Matteo Salvini, the Northern League leader attempting to make the party a national force, “has changed his position on the euro”, Berlusconi said in a radio interview on Tuesday.

“He has understood that leaving is impossible and untenable for our economy. The currency started badly, but that said today we can no longer do without the euro.”

The League’s economics spokesman, Claudio Borghi, promptly disagreed, telling Italian television that “one second after the League is in government it will begin all possible preparations to arrive at our monetary sovereignty. It’s a question of national security.”

He might find backing from the third member of the rightwing alliance, the Brothers of Italy party, which has opposed the single currency in the past. It has been less vocal on the issue recently, however, focusing its criticism instead on the European Union’s broader economic policies and its approach to migration.

This last issue in particular promises to weigh far more heavily in the election campaign than the euro – especially now that the Five Star Movement (M5S) has dropped its opposition.

“It's time to change the rules on the euro, not leave the euro,” the M5S leader, Luigi Di Maio, told TGCOM24 television on Wednesday, calling a referendum on the single currency a last resort. With the EU more fractured than ever, he said, Italy was in a better position to negotiate than when the M5S first proposed quitting the euro zone.
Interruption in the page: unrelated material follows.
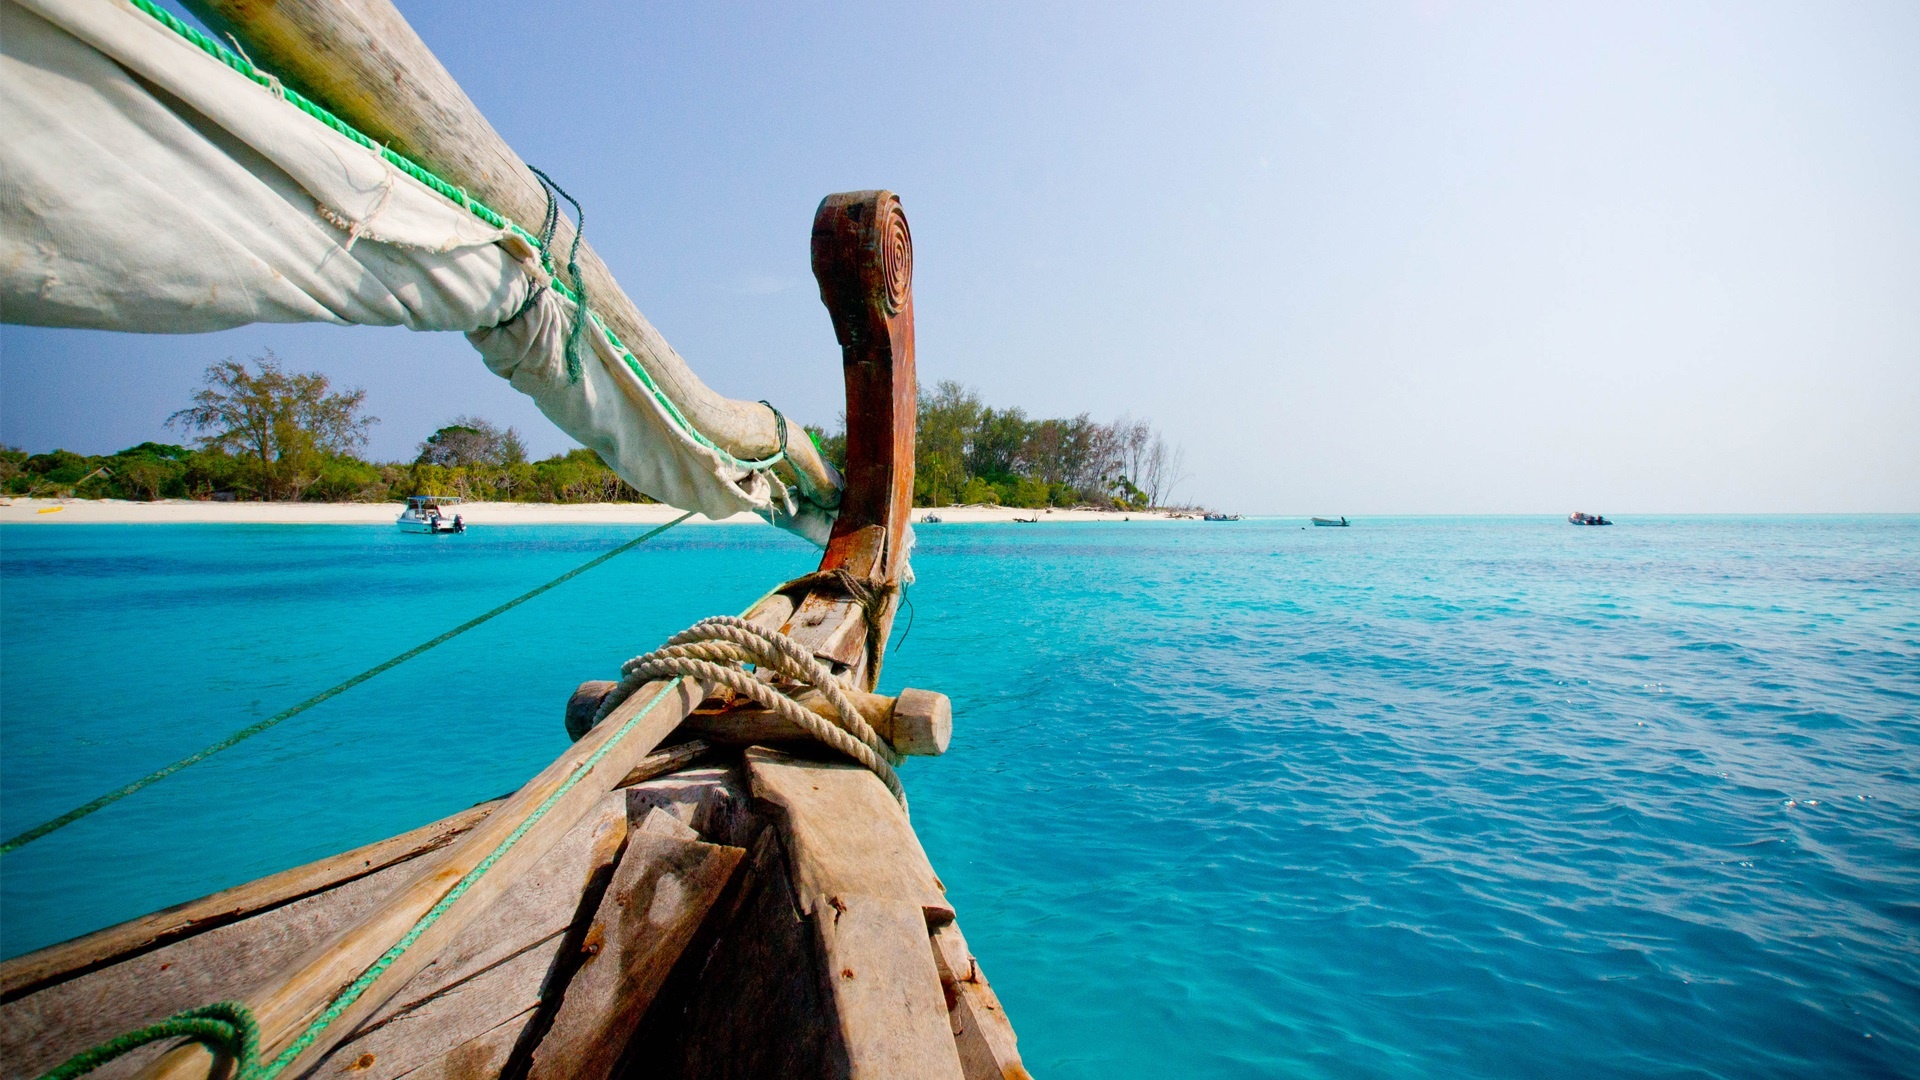 Zanzibar excursions, Adventure seekers, Dhow sailing, Hidden gems, 1920x1080 Full HD Desktop

While polls indicate that Italy is one of the most eurosceptic members of the EU, most moderate voters balk at leaving the euro. They are more likely to consider voting for populist parties like the M5S or Northern League because of concerns over immigration, one recent survey suggested.

The centre-left Democratic Party (PD), which has led Italy’s coalition government throughout the ongoing migration crisis, is currently polling behind the M5S but ahead of Forza Italia. Together Forza Italia and its allies are in front of both the centre-left coalition and the M5S, which is not part of any alliance. 

The vote is expected to take place on March 4th.